Development of Novel FRET Substrate for the Evaluation of β-Secretase (BACE1) and Its Application

Abstract

A neuropathological diagnosis of Alzheimer's disease (AD) relies on the detection of amyloid plaques, clumps of beta-amyloid made up of insoluble fibrils. Sequential cleavage by β-secretase (BACE) and γ-secretase produces the amyloid-β peptide fragment, which then aggregates into the clumps of amyloid plaques. As the β-secretase activity is specifically high in AD patient, the enzyme is regarded as the primary target of anti-AD reagent. All the conventional β-secretase inhibitors are substrate analogs, which means those inhibitors are competitive and reversible inhibitors. Therefore, a non-competitive enzyme inhibitor of β-secretase might be a perfect inhibitor for AD. To search for non-competitive enzyme inhibitor of β-secretase, we developed new method to evaluate non-competitive enzyme inhibitors easily by using flow injection analysis (FIA) in combination with immobilized enzyme. In general, FRET substrates linked by recognition sequence of β-secretase are used to evaluate the β-secretase activity.
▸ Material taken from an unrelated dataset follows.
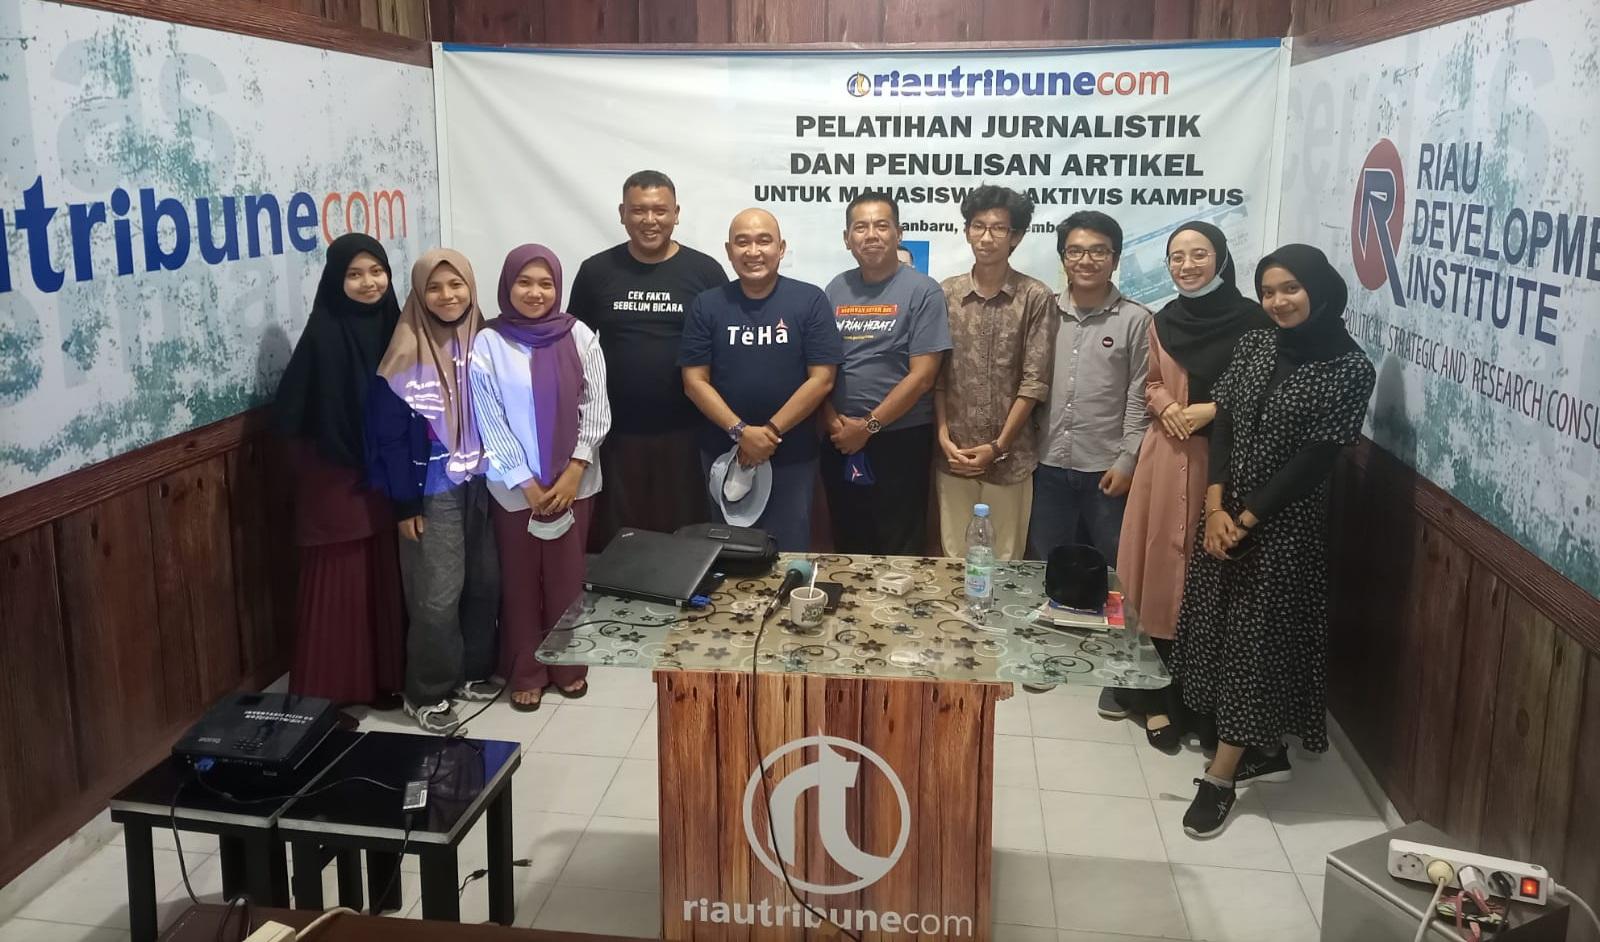 Posko Rumah Peradaban dan Riautribune.com Gelar Pelatihan Jurnalistik

In this study, we constructed a novel FRET substrate which is made up of ECFP as the donor, and EYFP as the acceptor. These proteins are then linked with β-secretase recognition sequence with 8 amino acids. ECFP transfers its excitation energy to EYFP, causing EYFP to emit its characteristic fluorescence. By observing the wavelength using spectrophotometer, we can judge if the material or herbs have the ability to be the inhibitor of β-secretase. Therefore, both the FRET substrates and β-secretase we constructed can be produce with a large amount by using E. coli. And because the protein of FRET substrates and BACE1 can be obtained easily with the E. coli we constructed, therefore we will be able to search for the inhibitors of β-secretase by the FIA screening method with low cost.